SOJ Remulla: Royina Garma agrees to testify before ICC vs ex-Pres Duterte
Retired police colonel and former Philippine Charity Sweepstakes Office (PCSO) general manager Royina M. Garma has agreed to testify before the International Criminal Court (ICC) on the extrajudicial killings during the administration of former president Rodrigo R. Duterte who was also former Davao City mayor.
Justice Secretary Jesus Crispin C. Remulla said the ICC testimony was the reason why Garma left the Philippines for Malaysia last Sunday or just a day after she arrived last Saturday from the United States.
“I think she agreed to be a witness according to Sen. Sonny Trillanes (former senator Antonio Trillanes IV),” Remulla told reporters during a press briefing.
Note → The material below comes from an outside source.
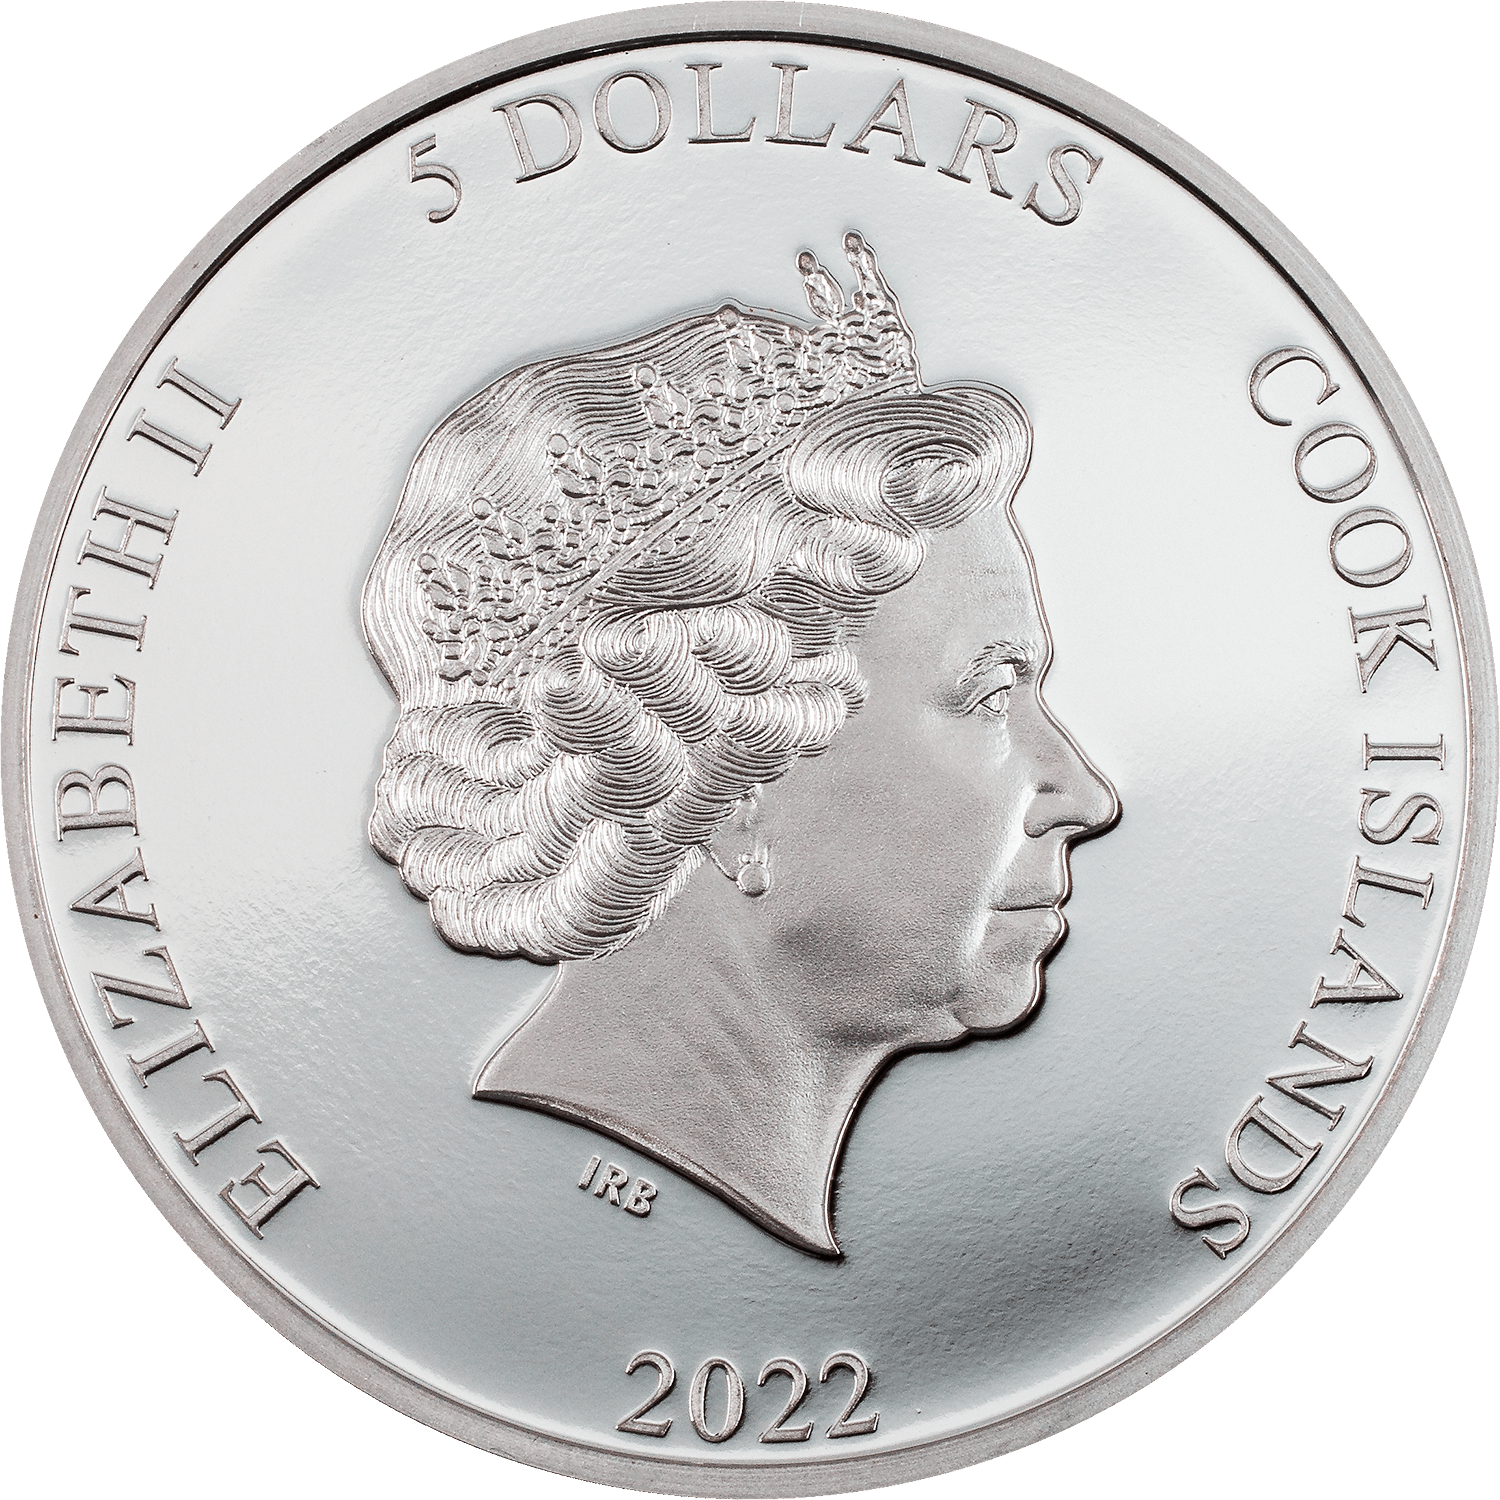 ROLLER Eclectic Nature Bird 1 Oz Silver Coin $5 Cook Islands 2022 - PARTHAVA COIN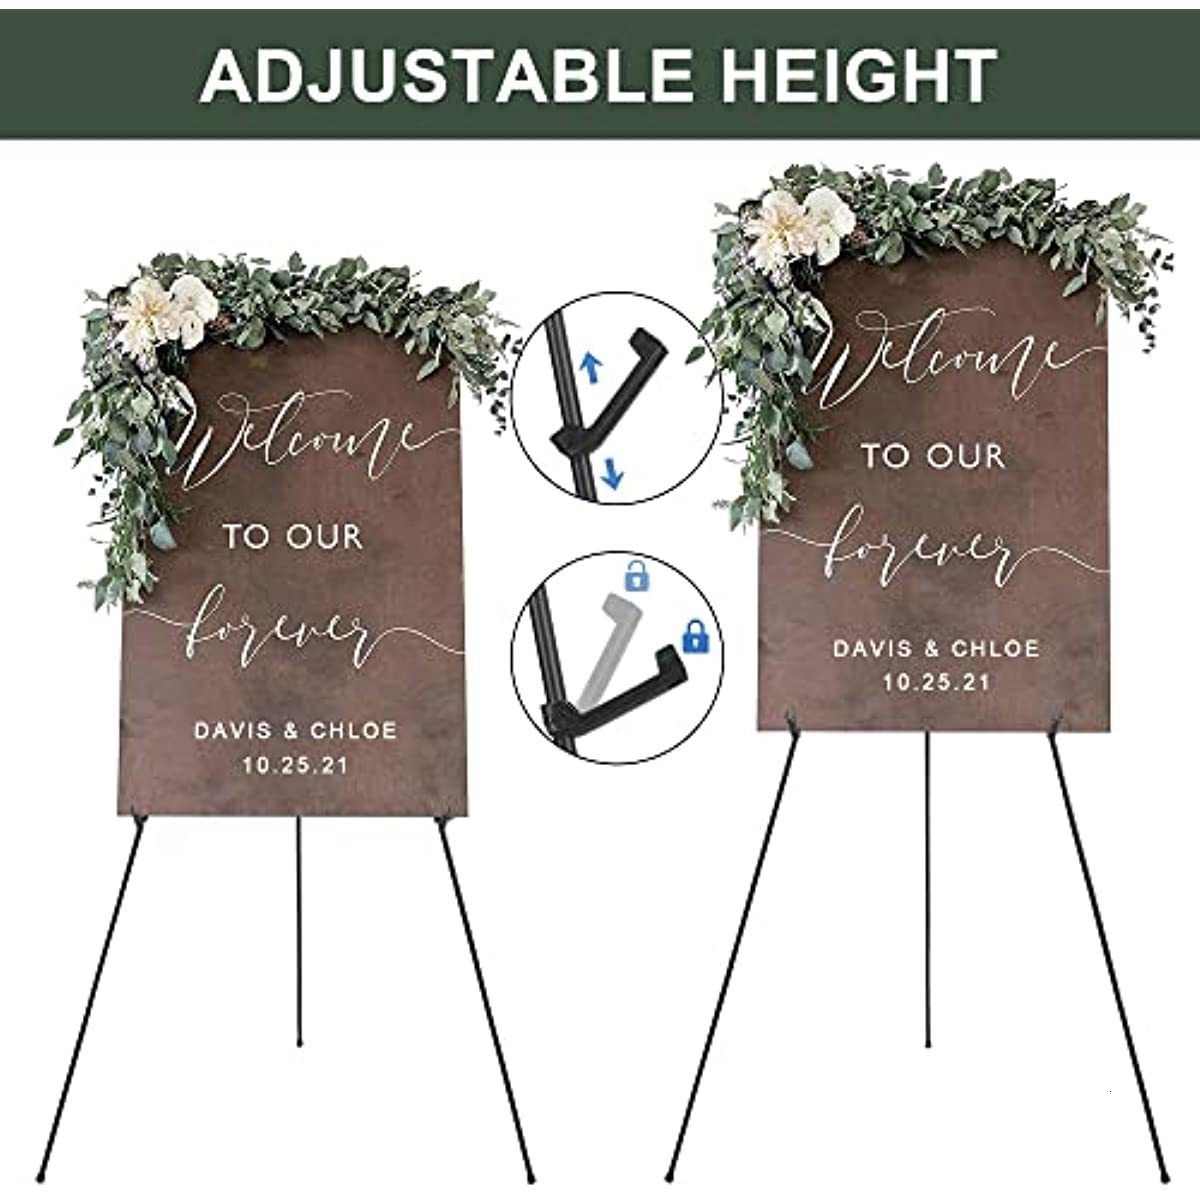 Display Black Easel Stand for Wedding Sign - Artist Black - Instant Easel

“So, as we speak, she’s with them right now, with the ICC people in Malaysia,” Remulla said.
According to Remulla “the best way to protect Garma is for the ICC to meet her abroad because her life could be in danger in our country.”
He pointed out: “Let’s face it. Uniformed personnel ang kalaban n’ya (Her opponents are uniformed personnel).”
Remulla disclosed that before Garma left the Philippines she met with National Bureau of Investigation (NBI) Director Jaime “Jimmy” B. Santiago.
“I just asked outgoing Director Jimmy Santiago to make sure that she was doing the right thing, she will be doing what she said will be doing which is to testify and to meet with the ICC first,” he said.
He stressed the importance of Garma’s testimony against Duterte who is currently detained in The Hague in the Netherlands and faces crimes against humanity before the ICC for the extrajudicial killings during his drug war.
“I think Garma is the highest-ranking police officer that can be asked to give a narrative about the drug war, the reward system, and the other parts of her testimony which she has already given,” he said.
He admitted that the negotiations to have Garma turn as prosecution witness before the ICC was done through Trillanes.
“Mr. Trillanes kasi is a go between the DOJ and the ICC because we have not yet defined our intention to rejoin the ICC and we just have a working relationship that is not even just at arms-length but a cautious working relationship,” he explained.
He also said that Garma was forced to return to the Philippines last Saturday, Sept. 6, after her application for asylum in the United States was denied.
Garma fled in November last year to the US after appearing before the legislative hearings on the drug war where she admitted the existence of a reward system to policemen who killed drug suspects.
She is facing a complaint before the DOJ for murder and frustrated murder in connection with the 2020 killing of PCSO board secretary and retired police general Wesley Barayuga and for the injuries sustained by the victim's driver Jun Gunao.
“We will still run after it and we will see how this will play out because the testimony in the ICC is very important, I think. Not only that, the Wesley Barayuga case is equally important. It cannot go unserved,” assured Remulla.